Currencies of Daily Life
SLIDE “Money is the god of this world,” the young Engels wrote; “the bourgeois takes the proletarian’s money from him and so makes a practical atheist of him.” (MECW 4:412) The marxist theory of money usually begins with Marx’s account of the social origins of money. In this part of our presentation, I will begin instead with Engels’ account of the cultural effects of money. BLANK SLIDE
For Engels, the worship of money is a bourgeois affliction. “The working-man…knows nothing of this feeling of reverence for money [and] is therefore less grasping than the bourgeois…who sees in the accumulations of his money-bags the end and aim of life.” Though Engels writes of the world of small change—farthings and ha’pennies—and of the struggle to insist on money wages rather than company scrip—the “truck system”—he argues that working people want money for what it buys, not as an end in itself. Working people are financial atheists, with no faith in savings banks or government bonds. To this day, professors of finance lament the economic illiteracy of ordinary people, their lack of interest in interest. However, like other confident assertions of working class “atheism” by the young Marx and Engels, the notion that ordinary people would remain immune to the seductions of money now seems wishful. Just as labor historians have rethought the “withering away” of working-class religion and nationalism, so they have been driven to reconsider the cultural effects of money.
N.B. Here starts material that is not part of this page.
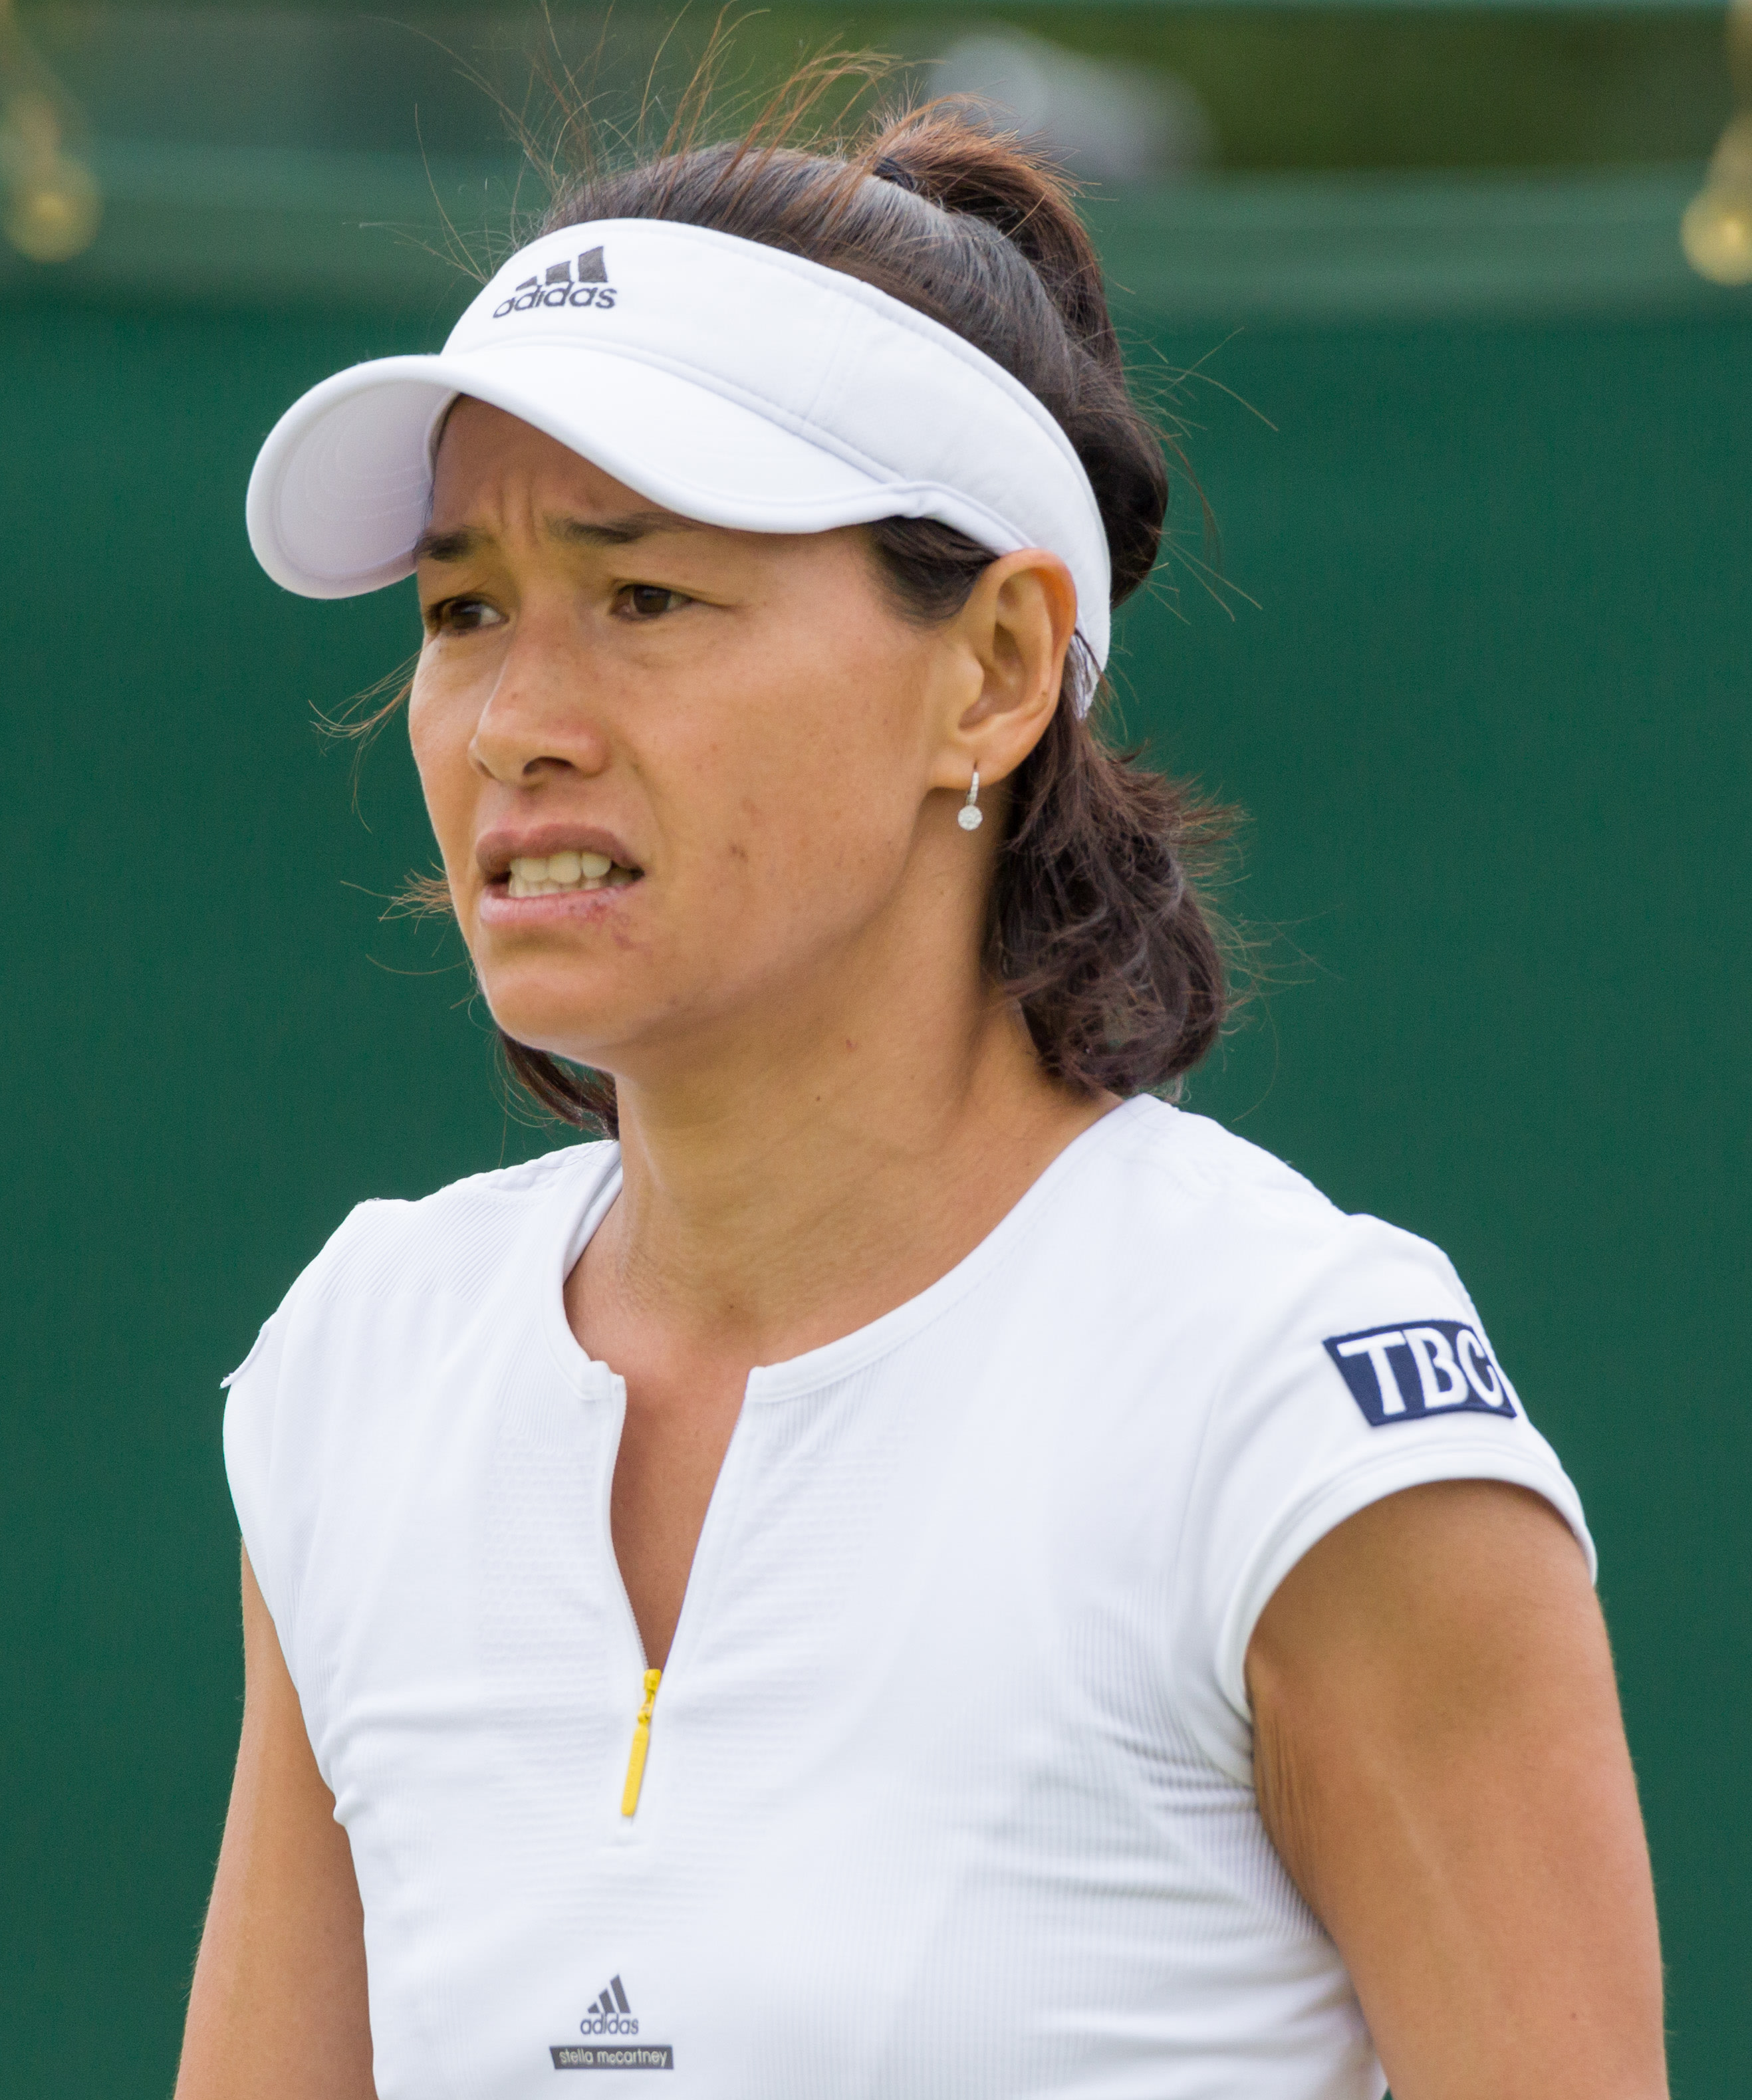 Ahead Of Comeback Ageless Kimiko Date Krumm Files For Divorce After 16 Years Of Marriage

There are two distinct traditions of thought regarding the cultural effects of money. One insists that money reduces human relations to the cash nexus. The monetization of social relations homogenizes and quantifies every aspect of life. Its social meaning is to erase social meaning; SLIDE the psychologist Daniel Kahneman argues that the very “idea of money primes individualism: a reluctance to be involved with others, to depend on others, or to accept demands from others.” (55-6) BLANK SLIDE The other tradition insists that money creates a wealth of social meanings. We don’t live amidst a single undifferentiated money but among many monies: gift monies and death monies. Moreover, national and transnational currencies are a “minimalist media” (Fornas, 9) that create peculiar symbolic universes: it’s all about the Benjamins. Since Marx’s critique of what he called the “religion of everyday life” highlighted both reification and fetishism, marxist analyses tend to draw from both traditions: if money is an instance of reification, the quantification of all qualities, it is less an invisible hand or a hidden god, than an animated superhero.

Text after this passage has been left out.